Se você soubesse que aquela era a última noite, o que teria feito diferente? Teria perguntado o meu nome, anotado meu telefone ou pedido algumas horas a mais? Talvez tenha sido egoísmo da minha parte fazer você acreditar que teríamos mais tempo, mas a verdade é que eu estava apenas de passagem — mas não estamos todos? Você poderia ter me perguntado quando eu contasse que não teríamos o amanhã, e iríamos rir disso ou passaríamos horas filosofando sobre a nossa existência, sobre o fim do mundo e se existe vida inteligente fora do planeta Terra.


Quando a gente se diverte, o tempo passa de uma maneira diferente, e fazia tanto tempo que eu não me divertia tanto. Não queria pesar o clima com um tom de despedida, querendo ficar um pouco mais. Se você tivesse pedido, talvez eu tivesse ficado. E, feito despertador em modo soneca, eu teria adiado e adiado, de cinco em cinco minutos, até não poder mais.

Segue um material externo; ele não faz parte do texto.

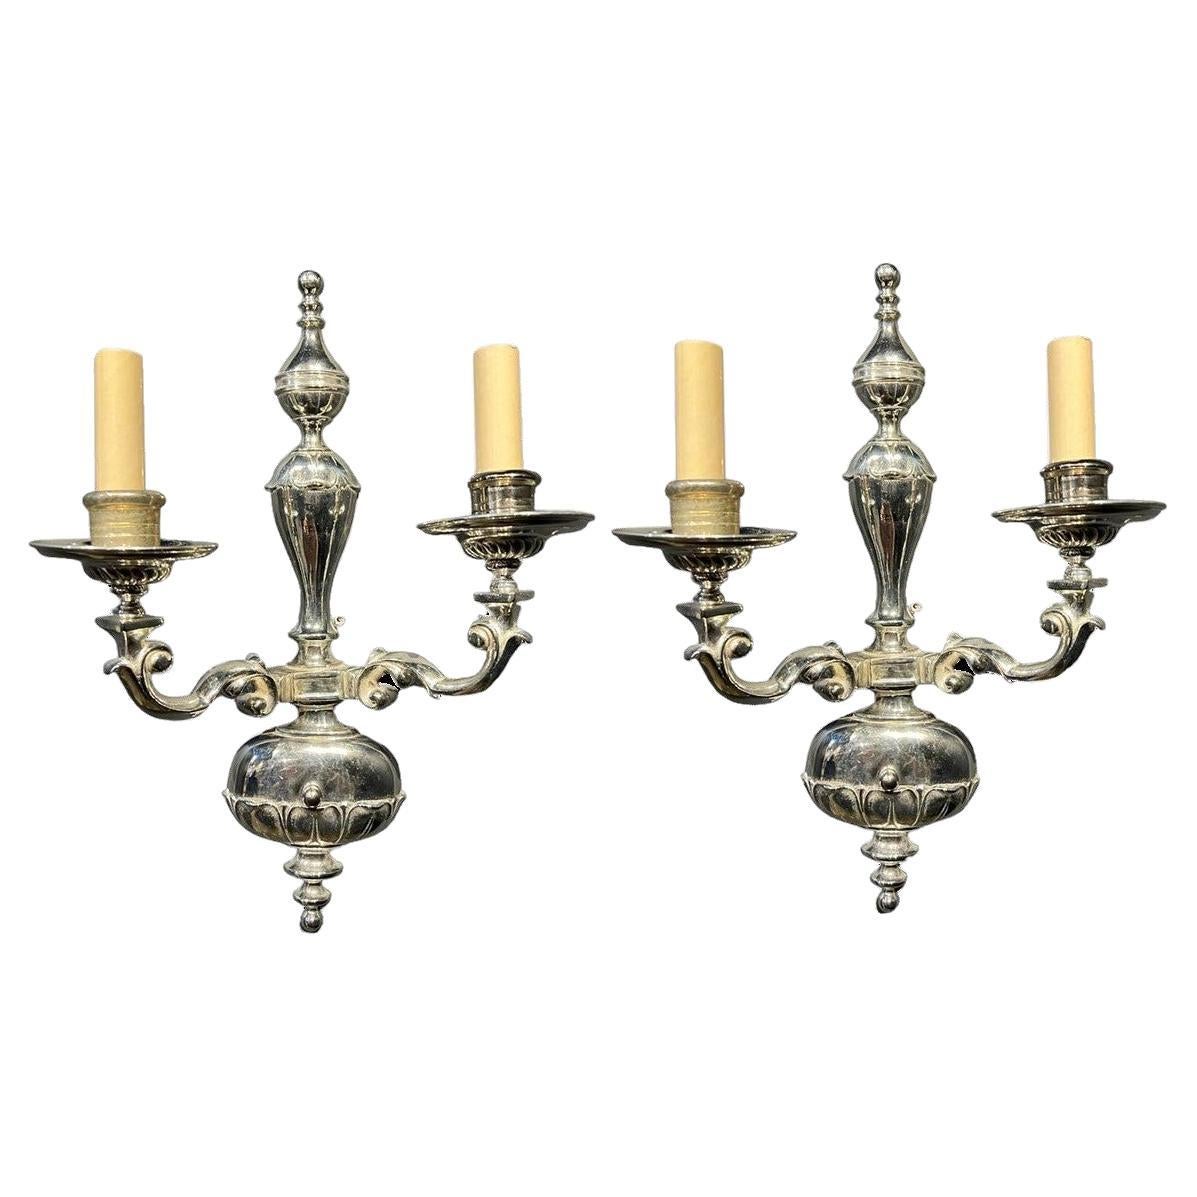 1920's Caldwell Silver Plated Double Light Sconces For Sale

Agora, olhando as fotos como um #TBT fora das redes sociais, não me arrependo das escolhas que fiz e não me torturo com a possibilidade do “e se”. Mas ainda me pergunto qual seria o tom exato da cor dos seus olhos; talvez eu não tenha me aproximado o suficiente para descobrir. E, apesar disso, sei qual é o melhor sorvete da cidade, sua cor favorita, seu time do coração, como foi seu primeiro dia na escola e como você sonha em sair da sombra do seu pai, construir seu próprio negócio e viver da sua arte.

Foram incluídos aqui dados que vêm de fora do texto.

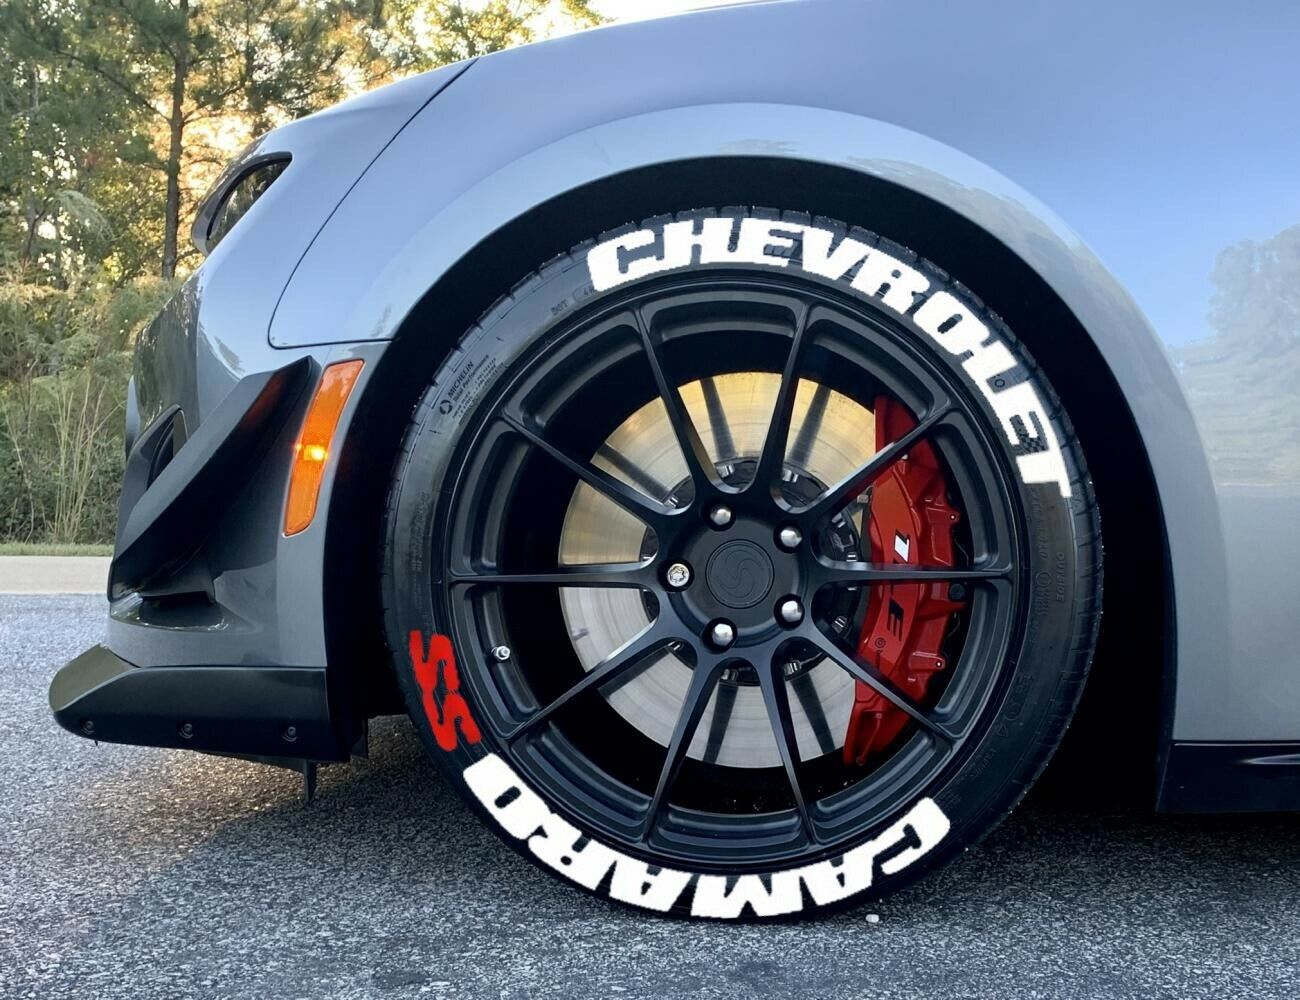  Tire Lettering stickers Chevrolet Camaro SS  1.25

Um dia desses vi uma foto sua no jornal e fiquei feliz por saber que você está seguindo seu sonho; imagino que não tenha sido fácil. Ver seu sorriso largo e o olhar apaixonado me inspirou mais uma vez, assim como nosso encontro há alguns carnavais. Tem gente que passa pela vida da gente feito furacão; há outras que surgem feito arco-íris em dia de chuva, para nos lembrar que ainda existe beleza, mesmo quando tudo parece meio nublado e cinzento. Você foi assim. E, se eu me permitir ser sincera, talvez eu tenha, sim, um arrependimento: arrependo-me de não ter te dito obrigada.


Dizem que um raio não cai duas vezes no mesmo lugar, mas alguma coisa me diz que, cedo ou tarde, nossos caminhos irão se encontrar novamente. E, quem sabe, quando isso acontecer, você seja mais ousado, pergunte meu nome, peça meu telefone e quem sabe me dê um motivo para ficar.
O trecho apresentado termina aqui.